Boda Paurashava (Municipality) mahallah geocode map

Boda (বোদা) is a town and a municipality in Panchagarh District, located in Rangpur Division of northern Bangladesh. It is the administrative headquarters and urban centre of Boda Upazila. The town derives its name from the historic Bordeshwari Temple, a prominent Hindu temple in the area.

== History ==
Boda is an ancient settlement that was historically part of the Greater Rangpur region. The name Boda is traditionally believed to be derived from the Bodeshwari (or Bordeshwari) Temple, a significant religious site in the region.
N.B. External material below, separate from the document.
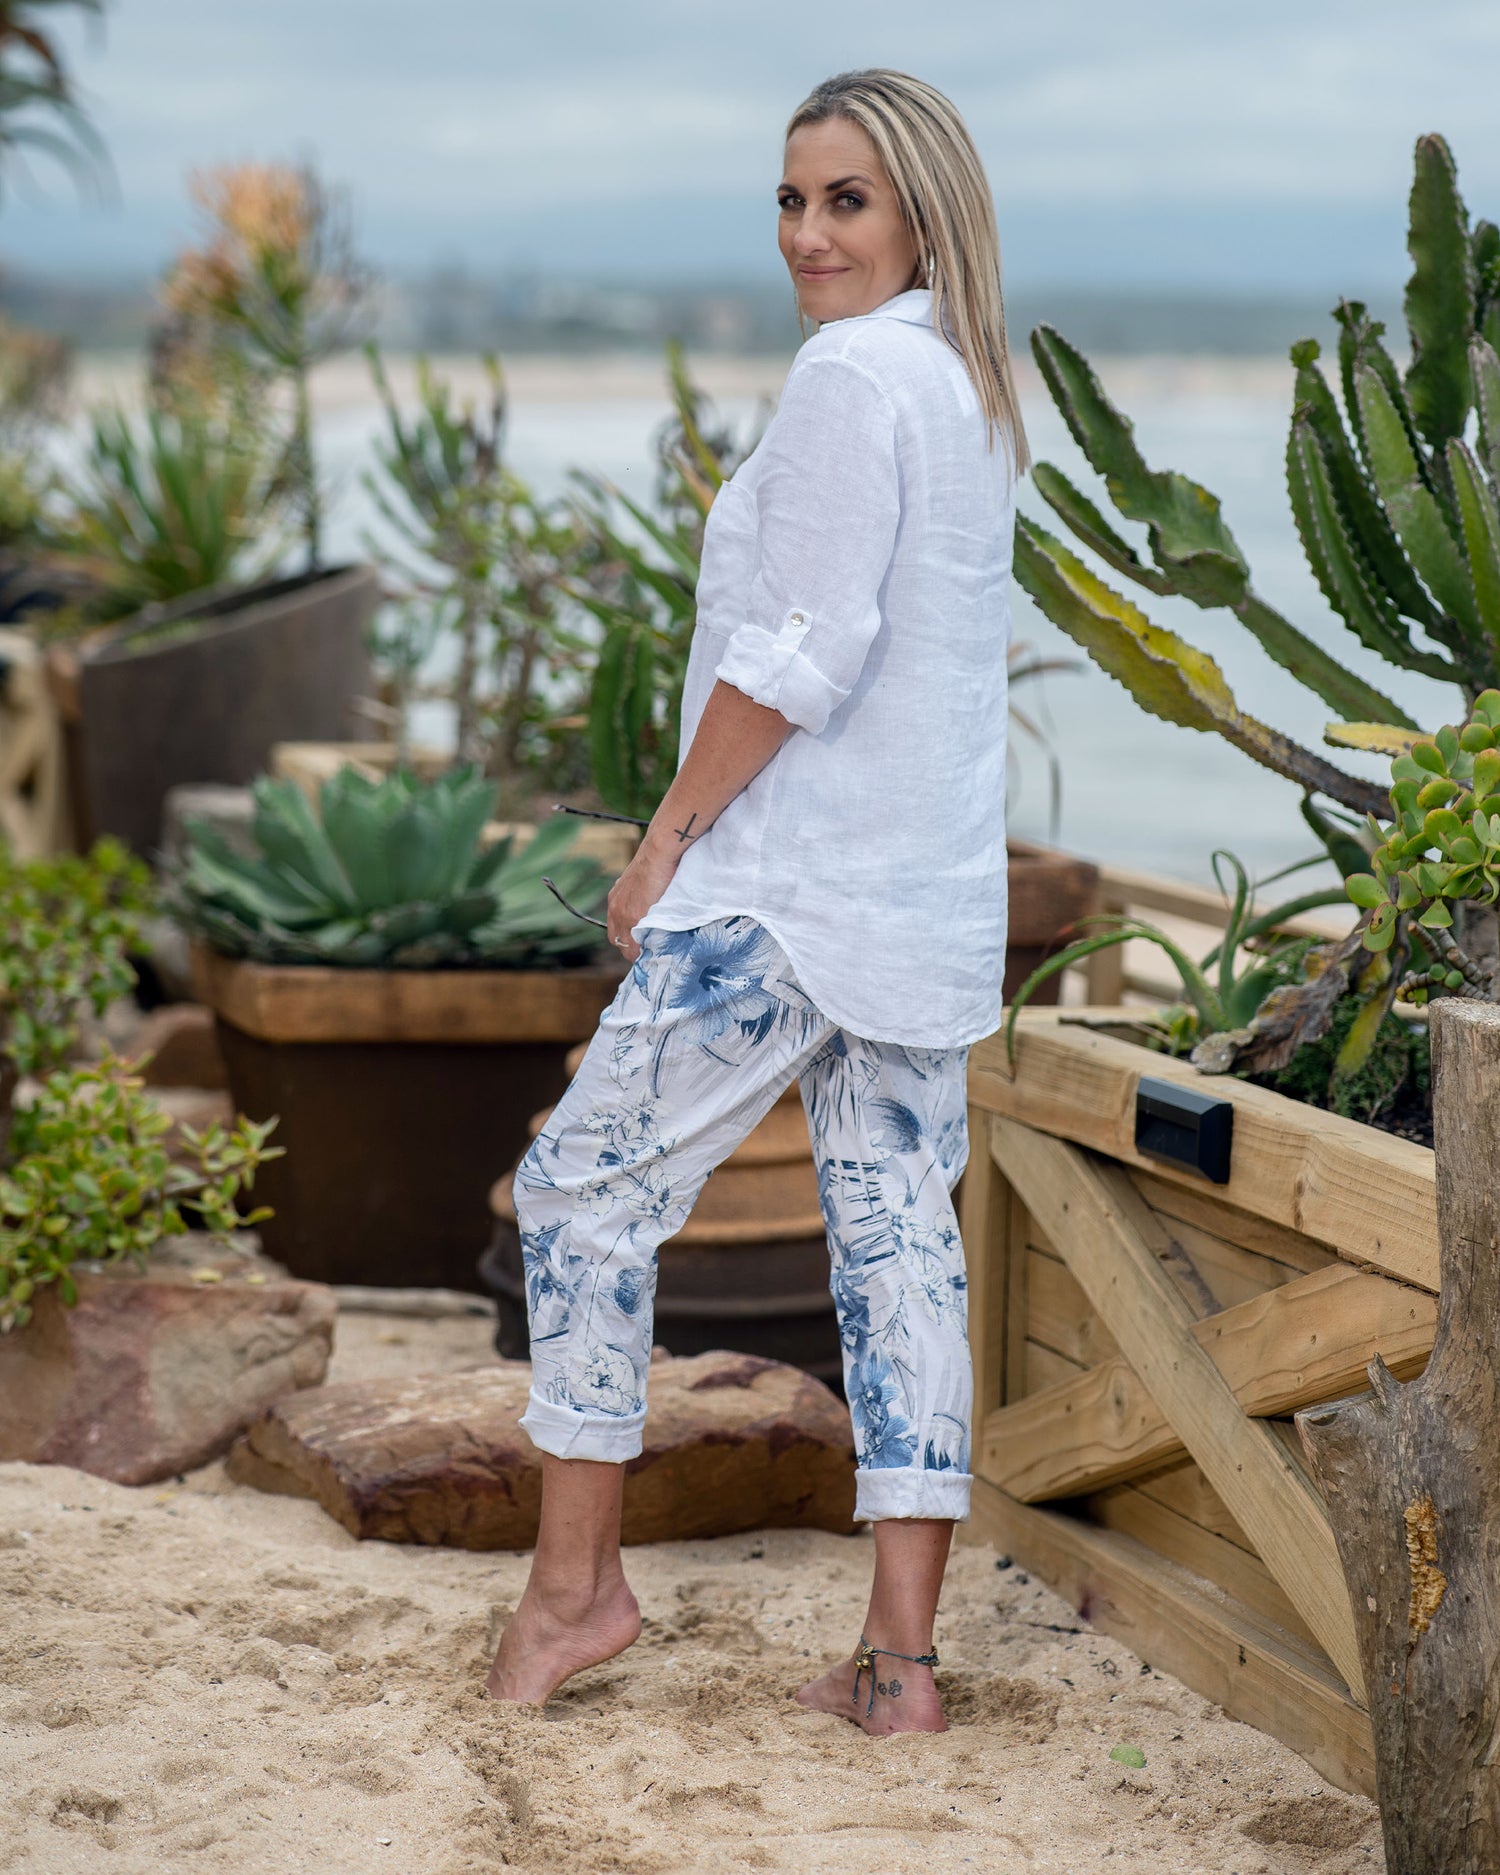 The 3/4 sleeves strike the perfect balance between coverage and breathability, making this top ideal for transitioning between seasons. Decorative front pocket that adds a subtle yet distinctive element to the design. Beautiful round cut hem adds a feminine touch

During the British colonial period, the Boda Police Station was established in 1797 to strengthen administrative control in the region. From 1869 to 1947, Boda was part of the Jalpaiguri district. Boda was once the largest thana in the former Jalpaiguri District. Under Boda Thana, there were two police outposts: one at Jagdal, located north of present-day Panchagarh, and the other at Debiganj on the eastern bank of the Karatoya River. Over time, both Debiganj and Jagdal were upgraded to full-fledged police stations. The police station at Jagdal was later relocated to its present location and renamed Panchagarh. After the Partition of India in 1947, the area came under the administrative control of the Thakurgaon subdivision of Dinajpur District. At present, Boda is part of Panchagarh District. Subsequently, in 1982, Boda was upgraded to an upazila town, and later in 2001, it was declared a municipality (paurashava).

== Geography ==
Boda is located at 26°12′03″ north latitudes and 88°33′21″ east longitudes. The town is situated in the Rangpur Division of northern Bangladesh. Boda Municipality covers a total area of 16.46 square kilometres (6.35 sq mi). The elevation of Boda is approximately 65 meters (213 ft) above sea level. The Karatoya River flows through the eastern part of the upazila. The soil is mainly composed of old Himalayan piedmont plain alluvium.

===Climate===

The city of Boda has a monsoon influenced Humid subtropical climate (Cwa). There are four seasons in Boda- a hot and Humid Summer (March–May), rainy and severe monsoon season (June–September), Short and relatively dry Autumn or post Monsoon season (October–November) and a cold Winter (December–February) which is often more intense than other parts of Bangladesh due to its proximity to the Himalayas.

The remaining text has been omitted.